Le texte de cette page a été corrigé et est conforme au fac-similé.
137
morale des maîtres et morale des esclaves

    Vraiment je voudrais que leur folie s’appelât vérité, ou fidélité,
ou justice ; mais ils ont leur « vertu » pour vivre longtemps
dans un misérable contentement de soi.
    Je suis un garde-fou au bord du fleuve : que celui qui peut
me saisir me saisisse !
    Ainsi parla Zarathoustra[1].
    Voici cependant le conseil que je vous donne, mes amis :
méfiez-vous de tous ceux dont l’instinct de punir est puissant !
    C’est une mauvaise engeance et une mauvaise race : ils ont
sur leur visage les traits du bourreau et du ratier.
    Méfiez-vous de tous ceux qui parlent beaucoup de leur
justice ! En vérité, ce n’est pas seulement le miel qui manque à
leurs âmes.
    Et s’ils s’appellent eux-mêmes les bons et les justes, n’oubliez
pas qu’il ne leur manque que la puissance pour être des pharisiens.
    Ainsi parla Zarathoustra[2] .



Mais Zarathoustra ne parle-t-il point précisément comme les socialistes, les anarchistes elles démocrates ?

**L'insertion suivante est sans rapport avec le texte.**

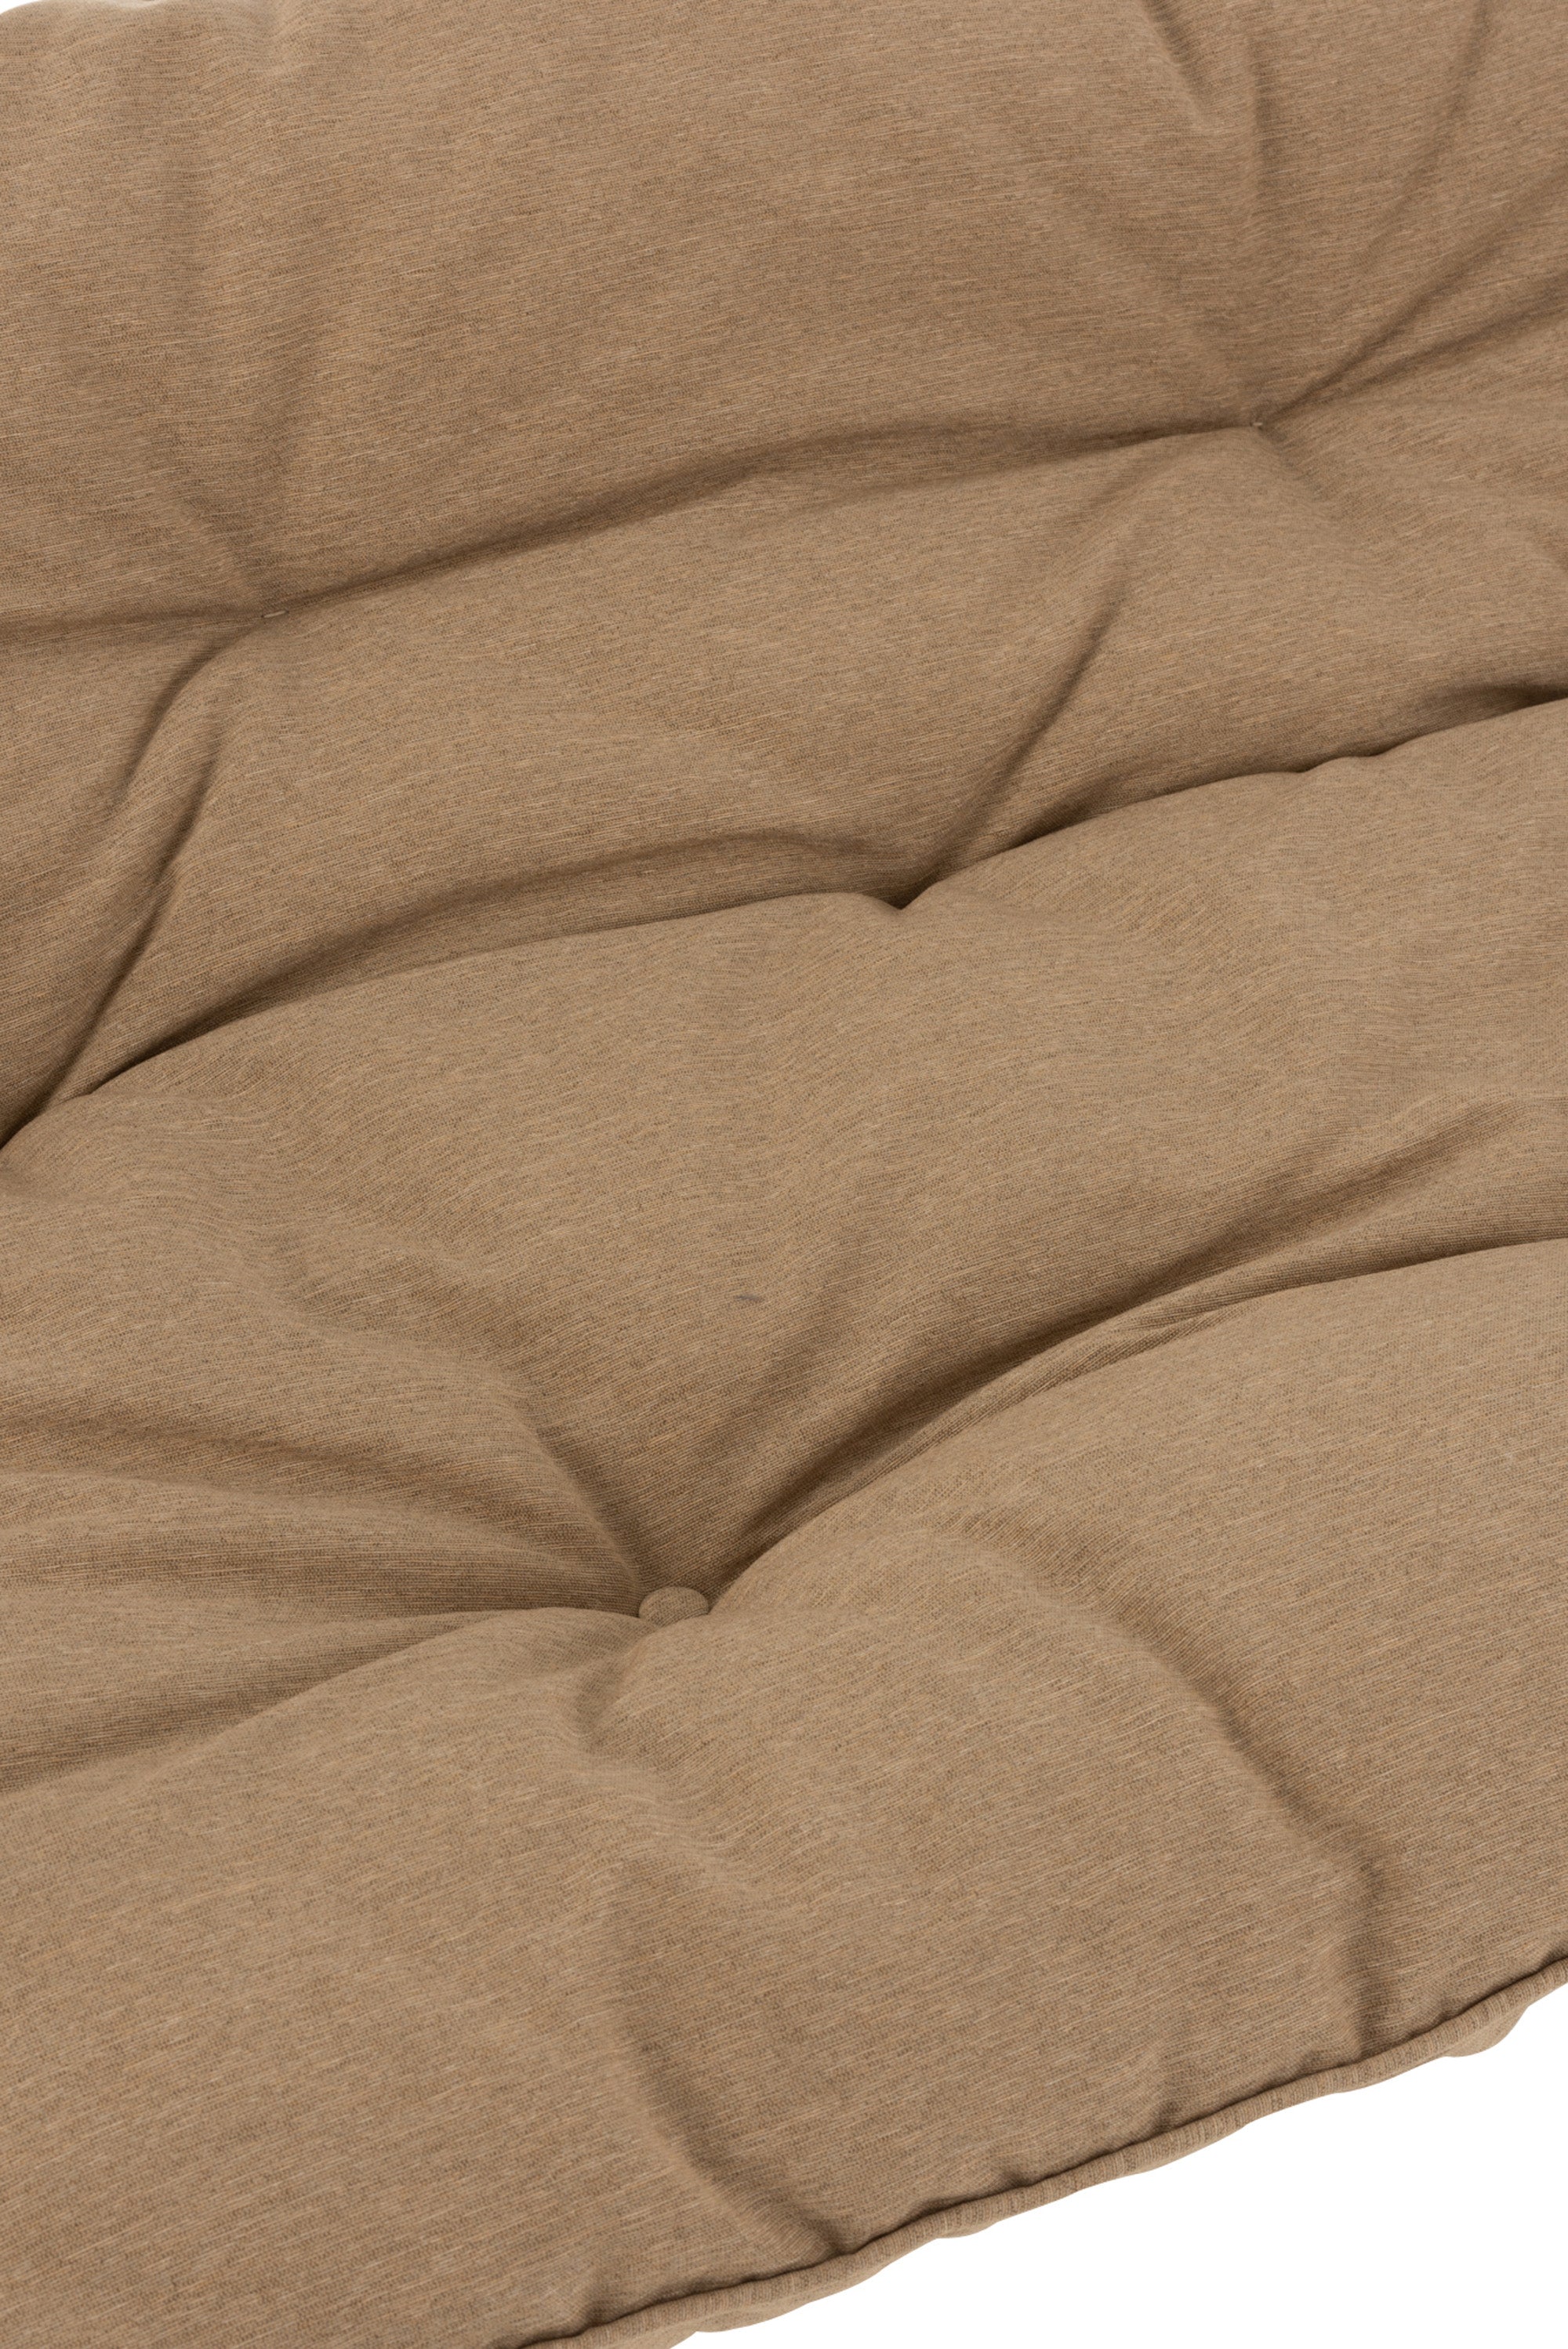 Sehr schickes Sofa für 2 Personen, Material: Eisen, Polyester, Baumwolle, beige/dunkelbraun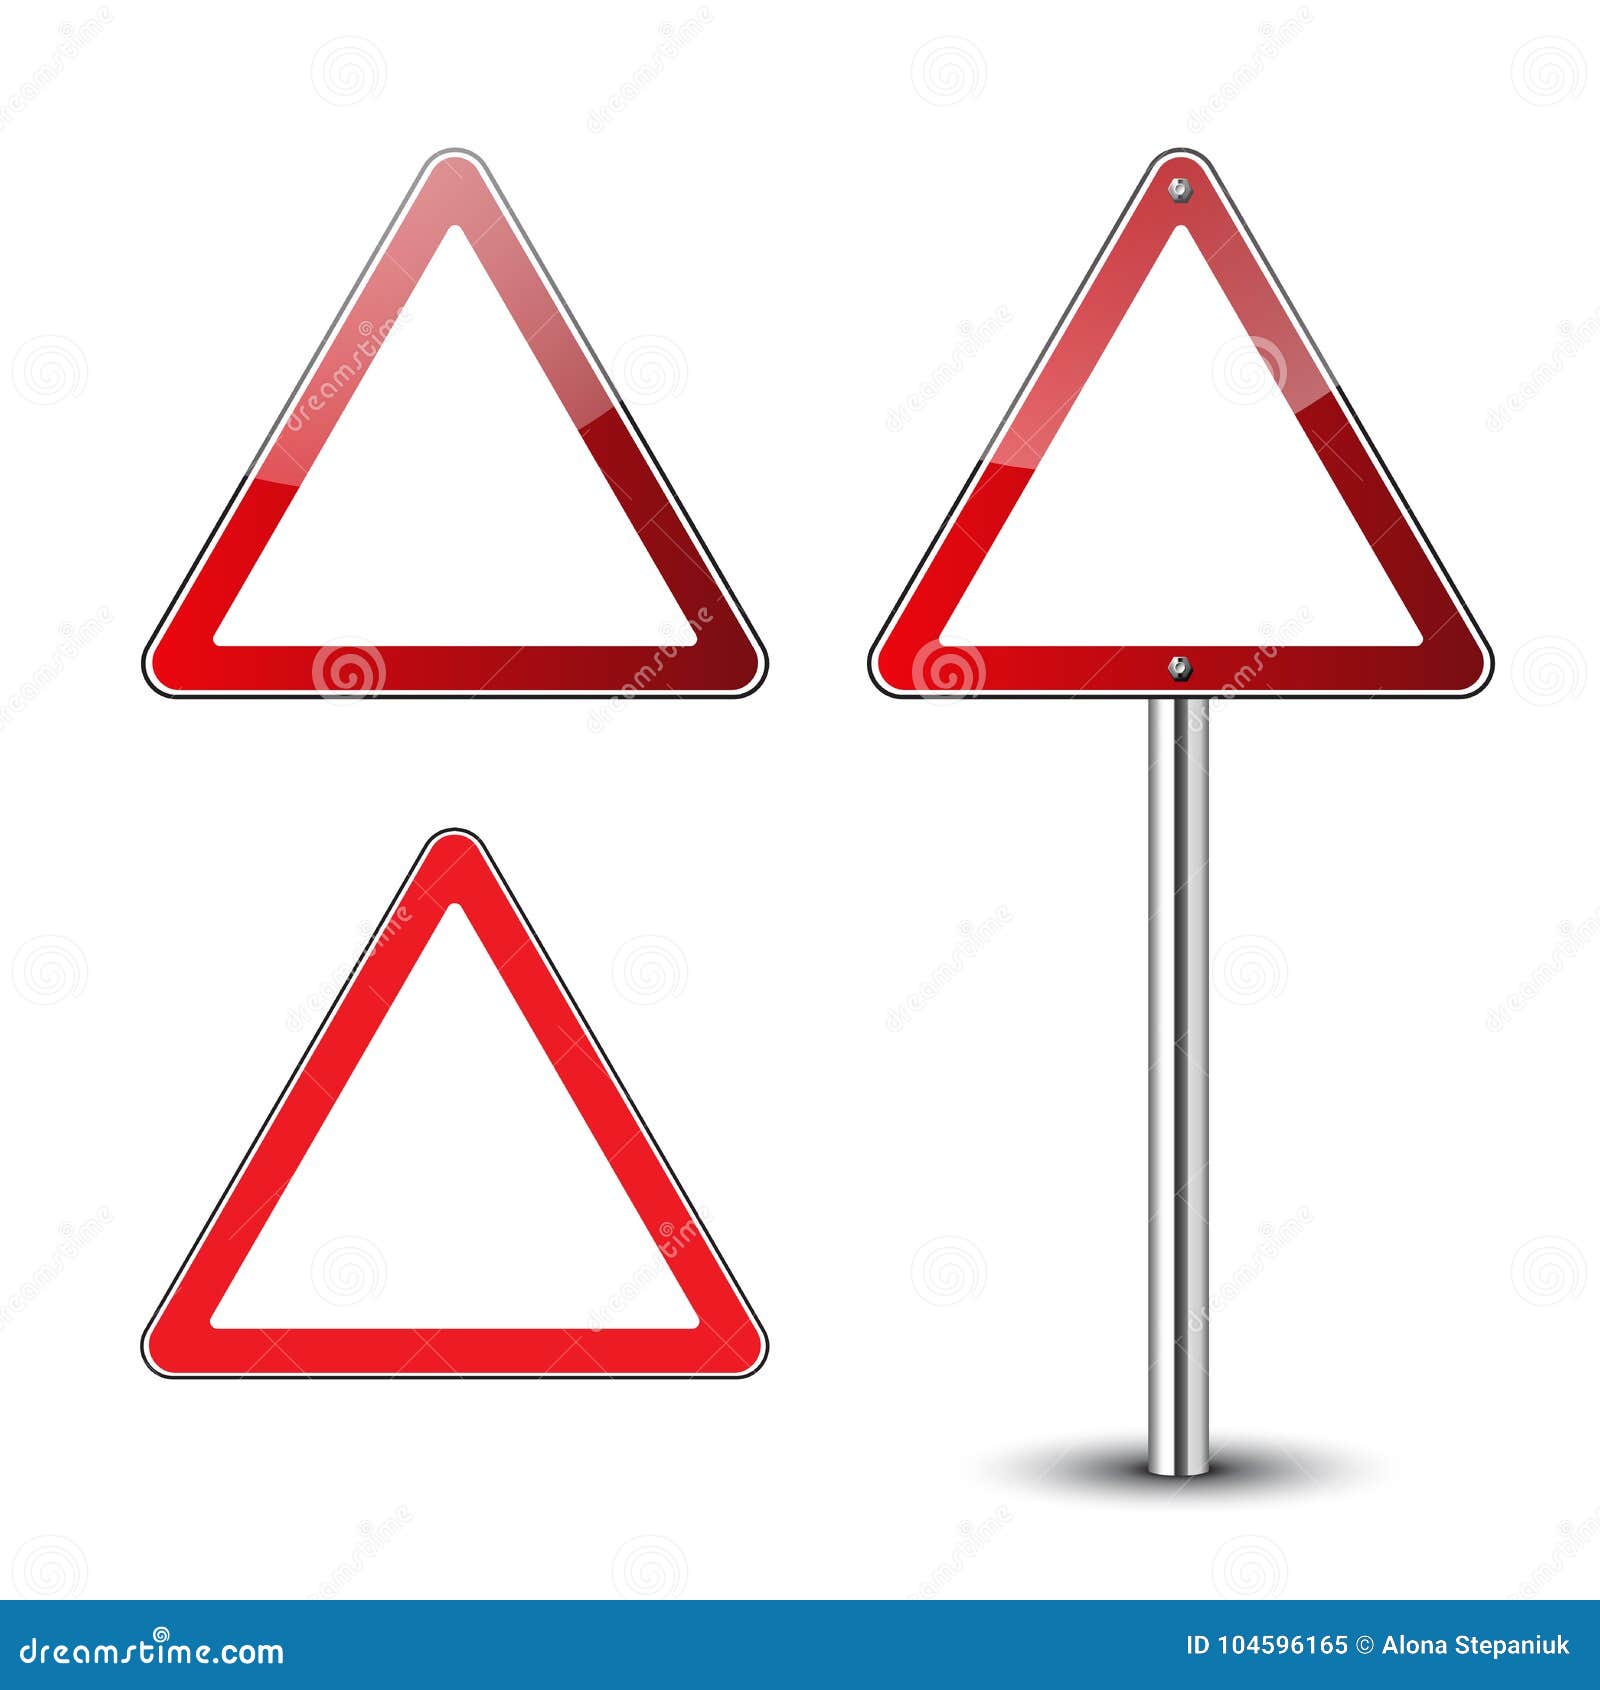 Треугольные знаки в красной рамке

    Je n’aime pas votre froide justice ; dans les yeux de vos juges
passe toujours le regard du bourreau et son couperet glacé.
    Dites-moi où se trouve la justice qui est l’amour avec des
yeux clairvoyants ?
    Inventez-moi donc l’amour qui porte non seulement toutes
les punitions, mais aussi toutes les fautes !
    Inventez-moi donc la justice qui acquitte chacun, sauf celui
qui juge !
    Mais comment saurais-je être juste au fond de l’âme ? Comment
pourrais-je donner à chacun le sien ? Que ceci me suffise ;
je donne à chacun le mien ![3]



IV



Nietzsche a quelque part appelé Renan le « demi-prêtre, demi-satyre » ; il est cependant tout plein de ses idées ou plutôt de ses fantaisies. Si Renan dit que

  1. Tr. fr., p. 47.
  2. Zarathoustra, tr. fr., p. 137.
  3. Zarathoustra, tr. fr., p. 91.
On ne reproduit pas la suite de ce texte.